## HOW TO COMPLETE THIS TASK
When you reach the line with "Mercedes lublin" in the listing below, write out that line and every one after it exactly, and skip the pictures.

## SOURCE DATA
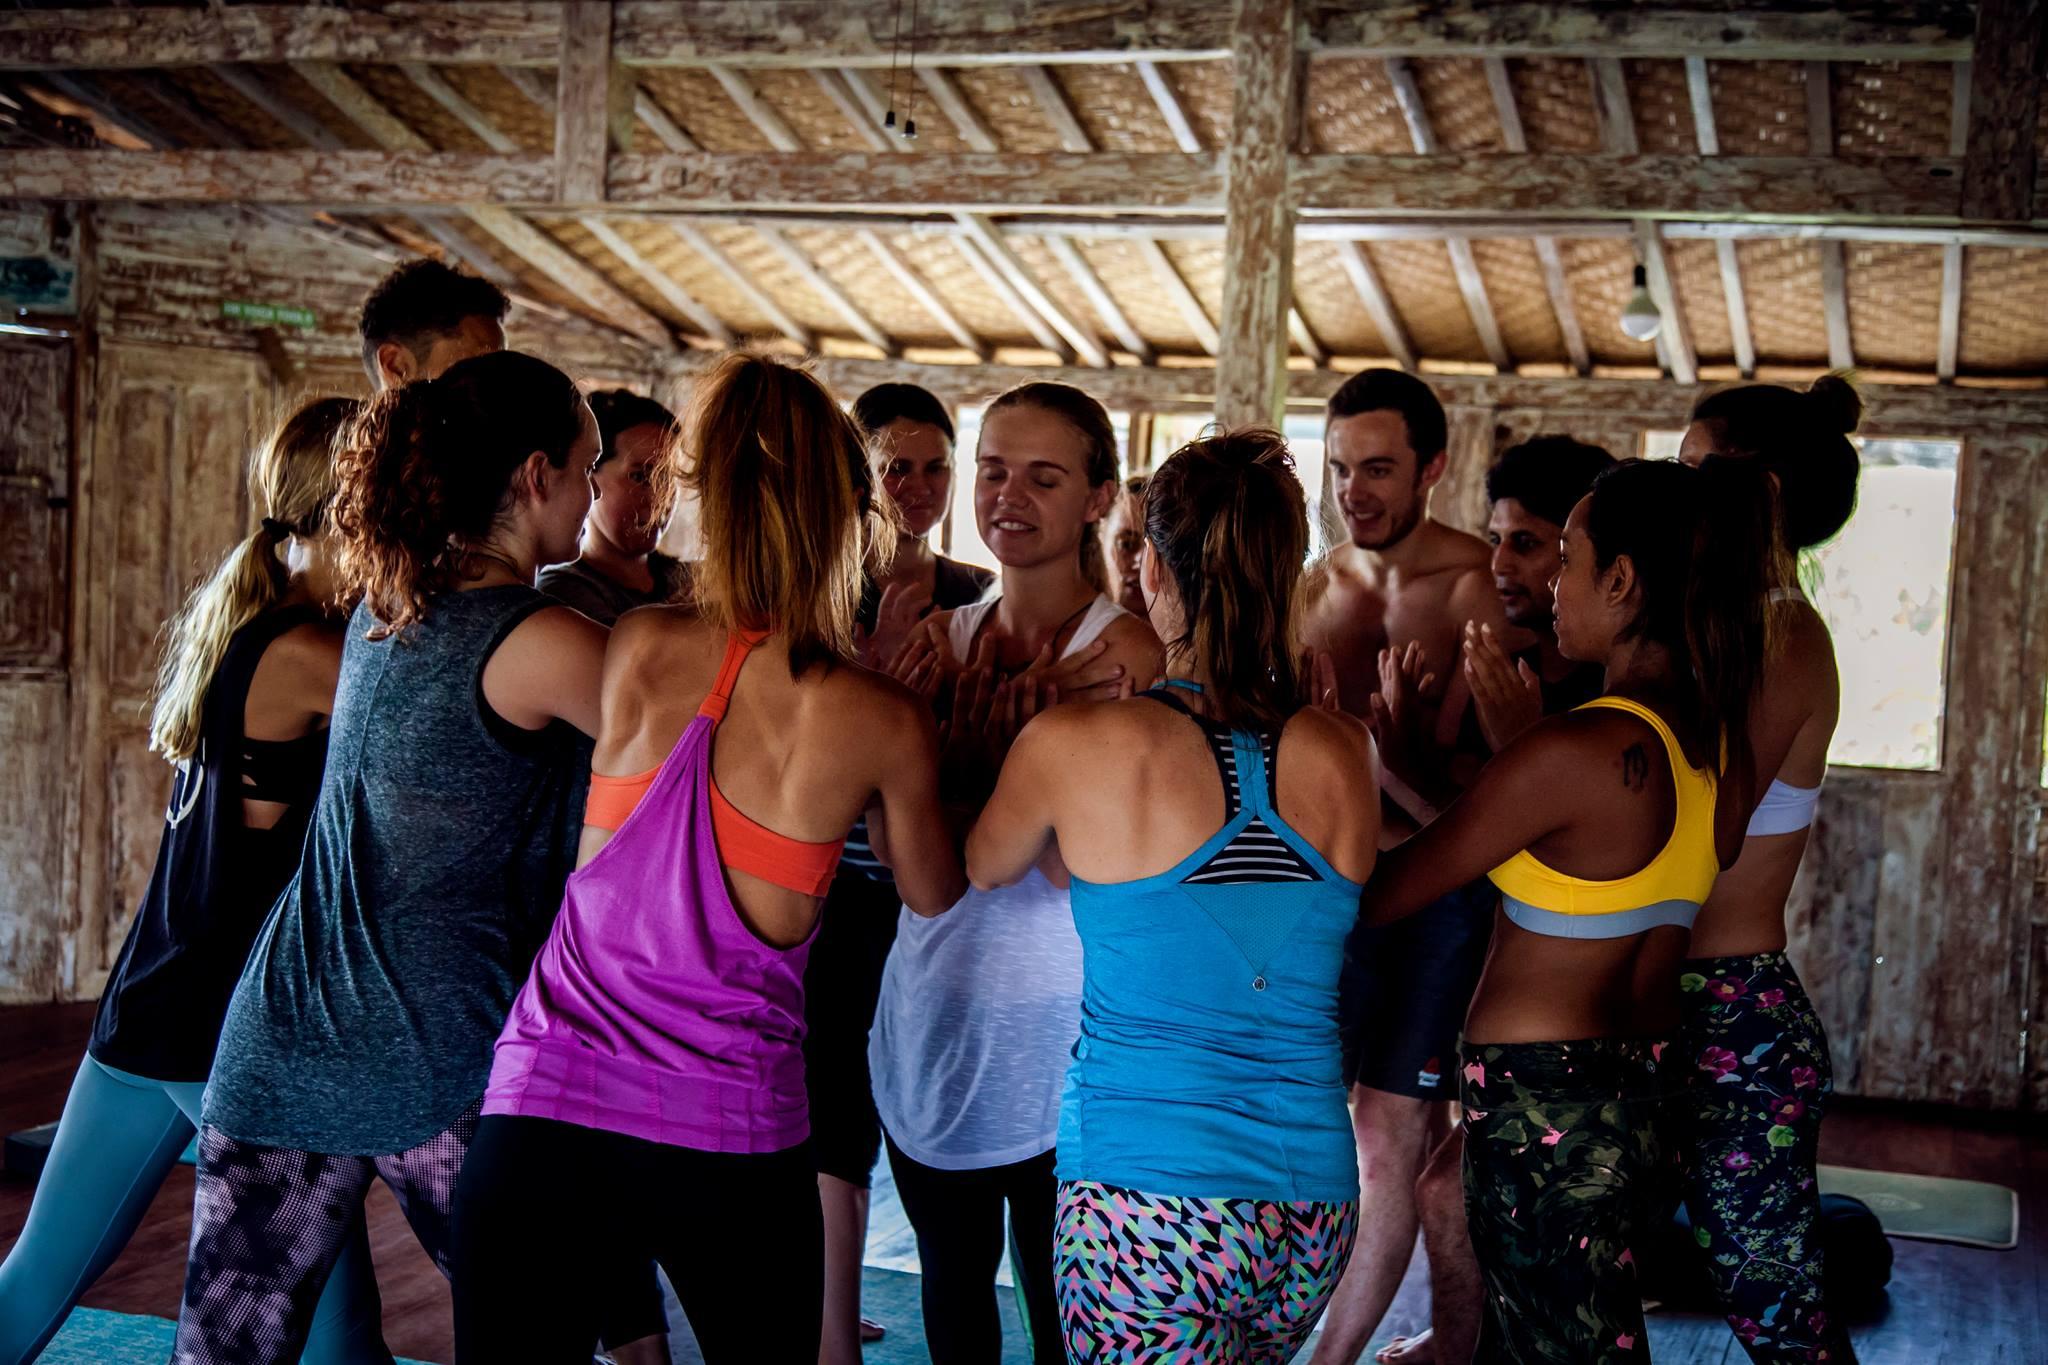 compte rendu de ma formation de 200hrs de yoga a bali 5
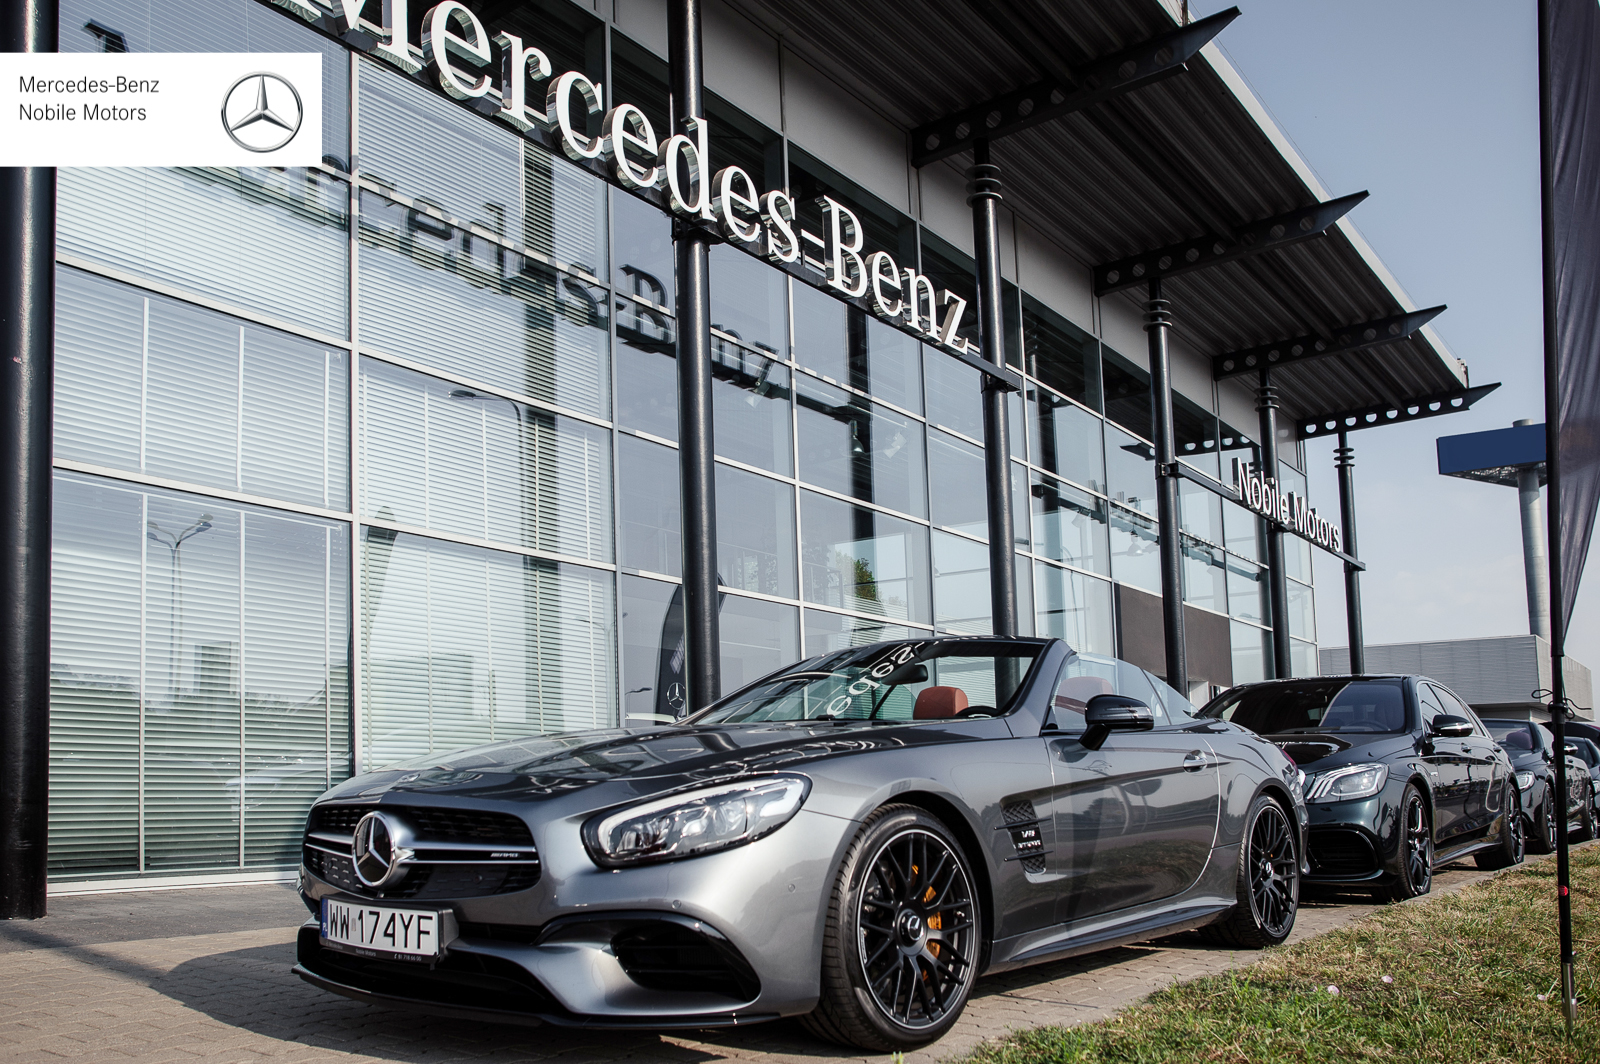 Mercedes lublin
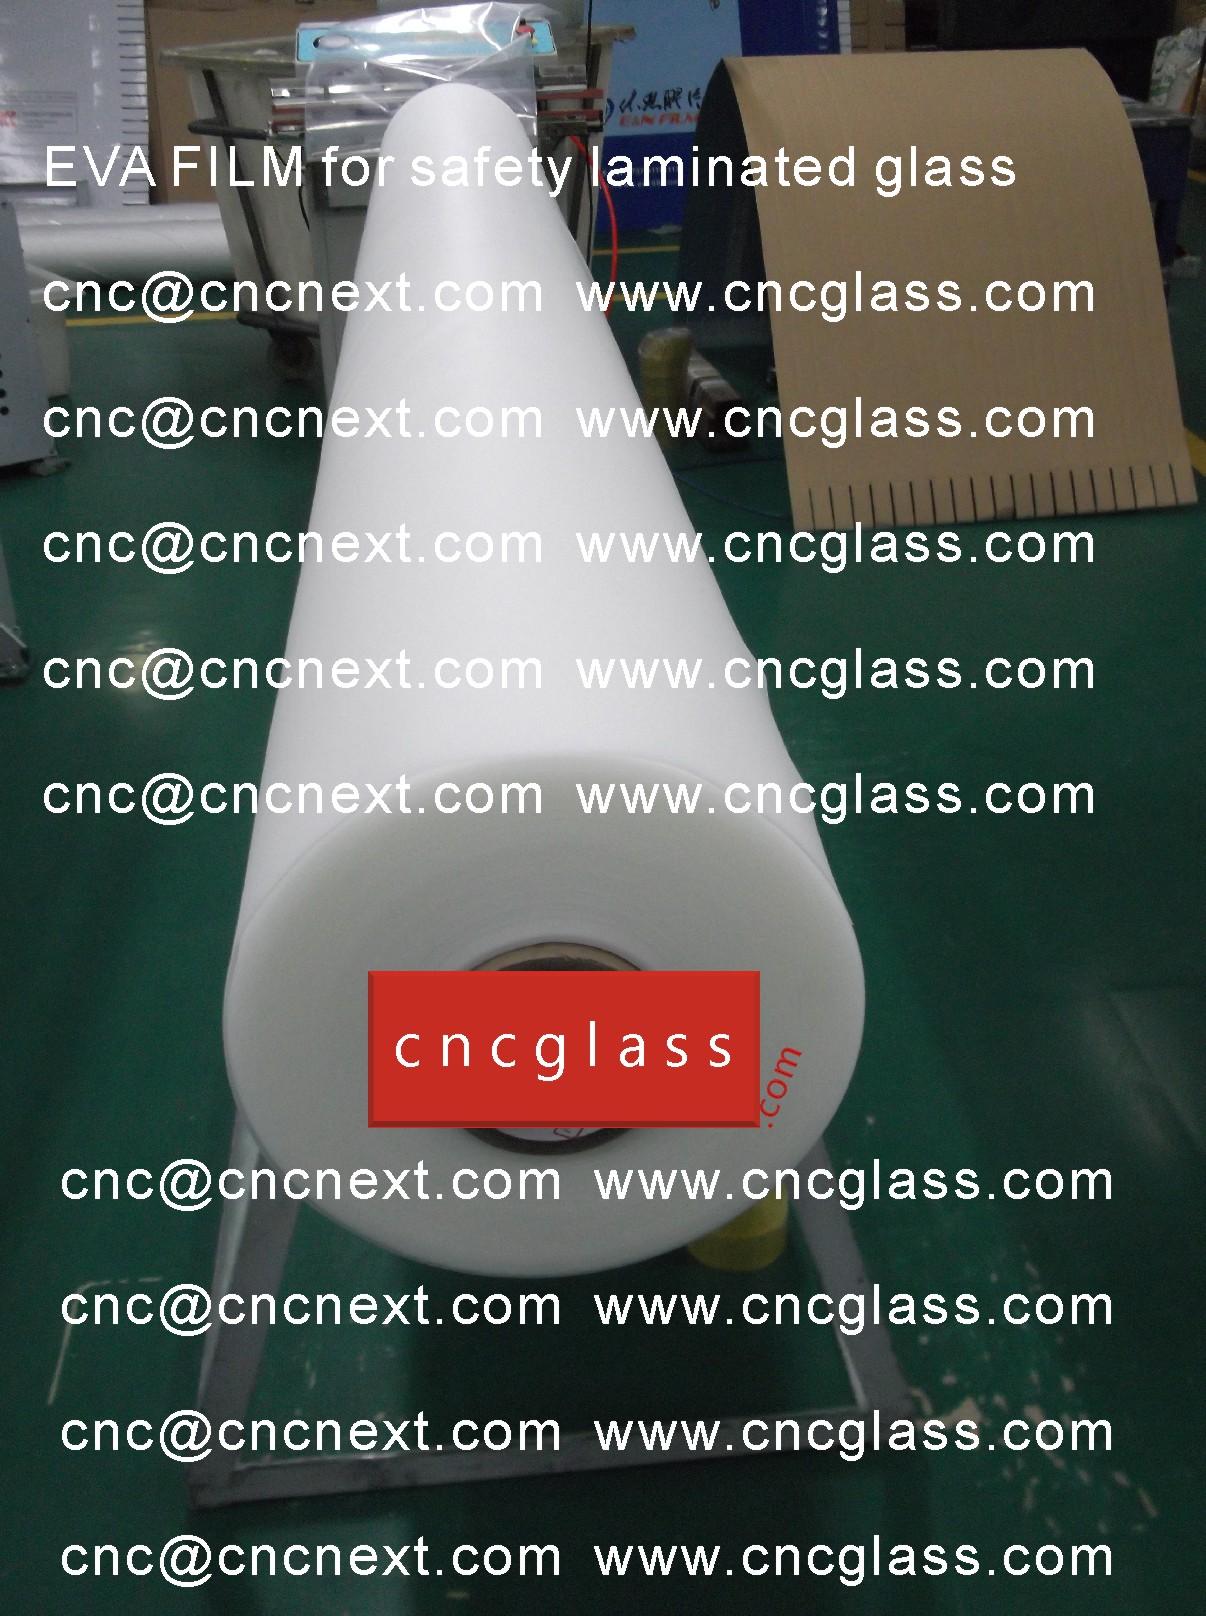 002 EVAFORCE EVA FILM FOR SAFETY LAMINATED GLASS

## RESPONSE TO THIS TASK
 Mercedes lublin
 002 EVAFORCE EVA FILM FOR SAFETY LAMINATED GLASS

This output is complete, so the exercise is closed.